For shapes represented as closed planar contours, we introduce a class of functionals which are invariant with respect to the Euclidean group and which are obtained by performing integral operations. While such integral invariants enjoy some of the desirable properties of their differential counterparts, such as locality of computation (which allows matching under occlusions) and uniqueness of representation (asymptotically), they do not exhibit the noise sensitivity associated with differential quantities and, therefore, do not require presmoothing of the input shape. Our formulation allows the analysis of shapes at multiple scales. Based on integral invariants, we define a notion of distance between shapes. The proposed distance measure can be computed efficiently and allows warping the shape boundaries onto each other; its computation results in optimal point correspondence as an intermediate step. Numerical results on shape matching demonstrate that this framework can match shapes despite the deformation of subparts, missing parts and noise. As a quantitative analysis, we report matching scores for shape retrieval from a database

Model-based curve evolution technique for image segmentation

We propose a model-based curve evolution technique for segmentation of images containing known object types. In particular, motivated by the work of Leventon et al. (2000), we derive a parametric model for an implicit representation of the segmenting curve by applying principal component analysis to a collection of signed distance representations of the training data, The parameters of this representation are then calculated to minimize an objective function for segmentation. We found the resulting algorithm to be computationally efficient, able to handle multidimensional data, robust to noise and initial contour placements, while at the same time, avoiding the need for point correspondences during the training phase of the algorithm. We demonstrate this technique by applying it to two medical applications.

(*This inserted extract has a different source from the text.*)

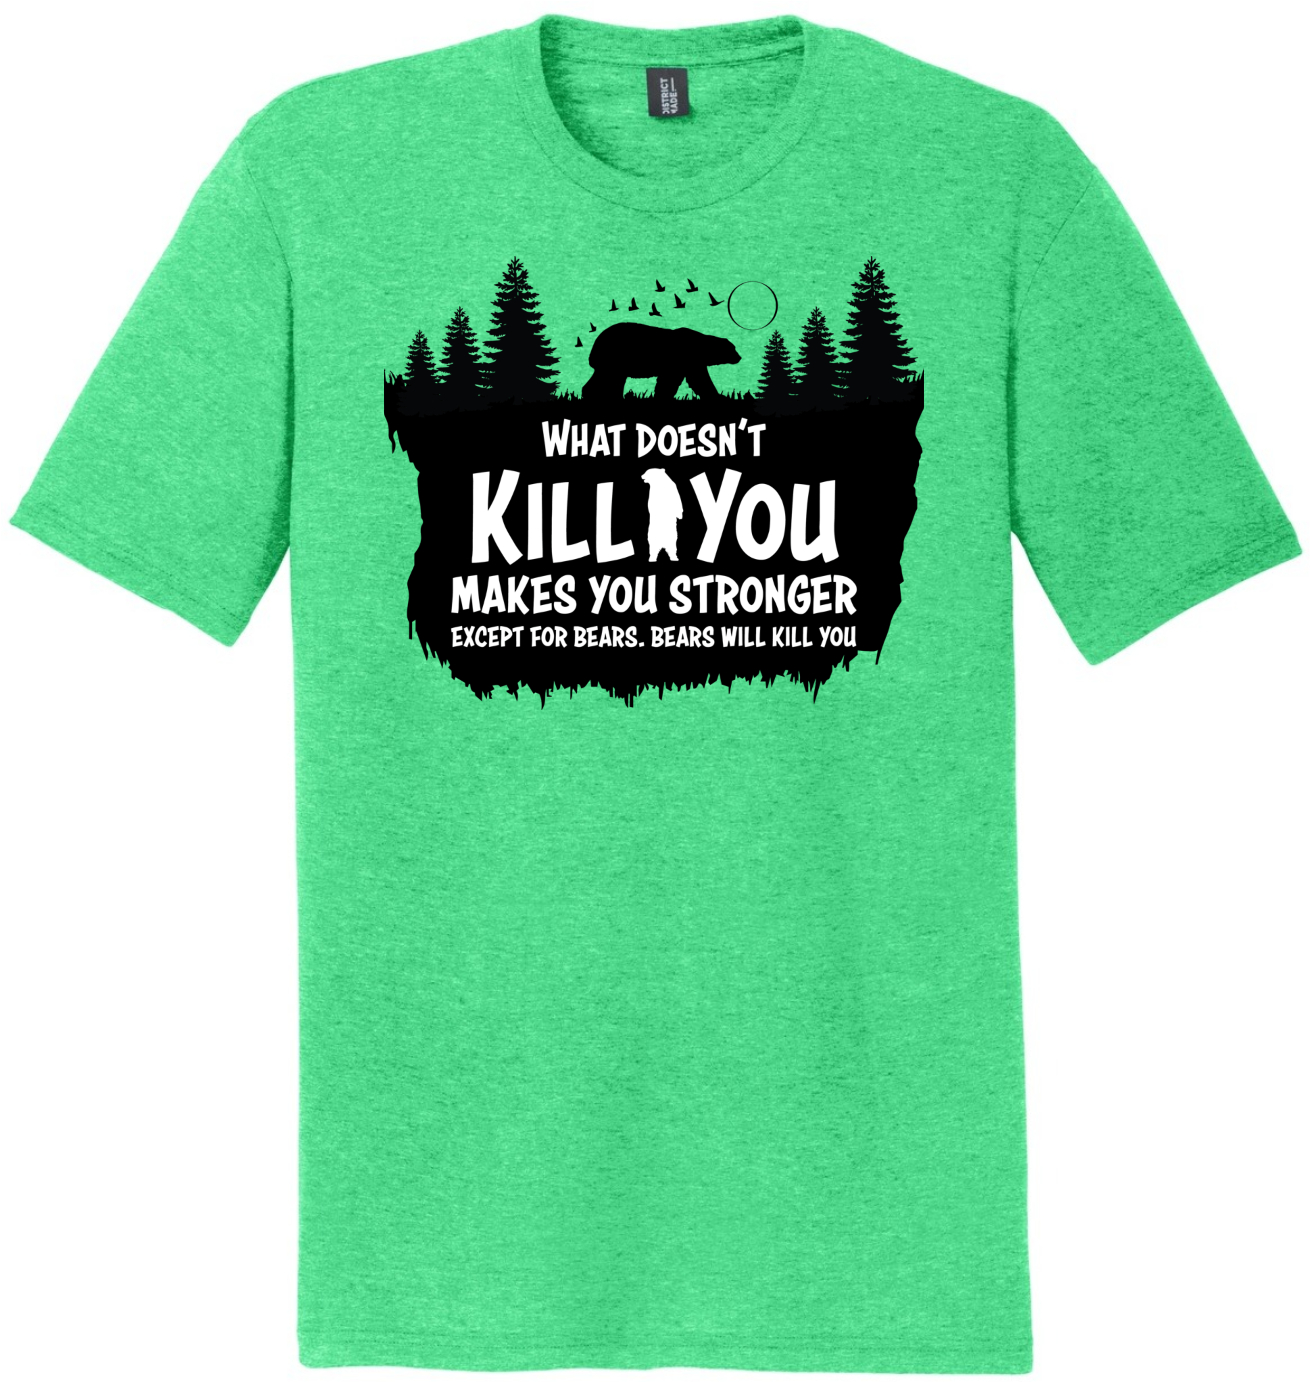 What Doesn't Kill You Makes You Stronger, Except For Bears. Bears Will Kill You

Tracking Deforming Objects Using Particle Filtering for Geometric Active Contours

Tracking deforming objects involves estimating the global motion of the object and its local deformations as a function of time. Tracking algorithms using Kalman filters or particle filters have been proposed for finite dimensional representations of shape, but these are dependent on the chosen parametrization and cannot handle changes in curve topology. Geometric active contours provide a framework which is parametrization independent and allow for changes in topology, in the present work, we formulate a particle filtering algorithm in the geometric active contour framework that can be used for tracking moving and deforming objects. To the best of our knowledge, this is the first attempt to implement an approximate particle filtering algorithm for tracking on a (theoretically) infinite dimensional state space.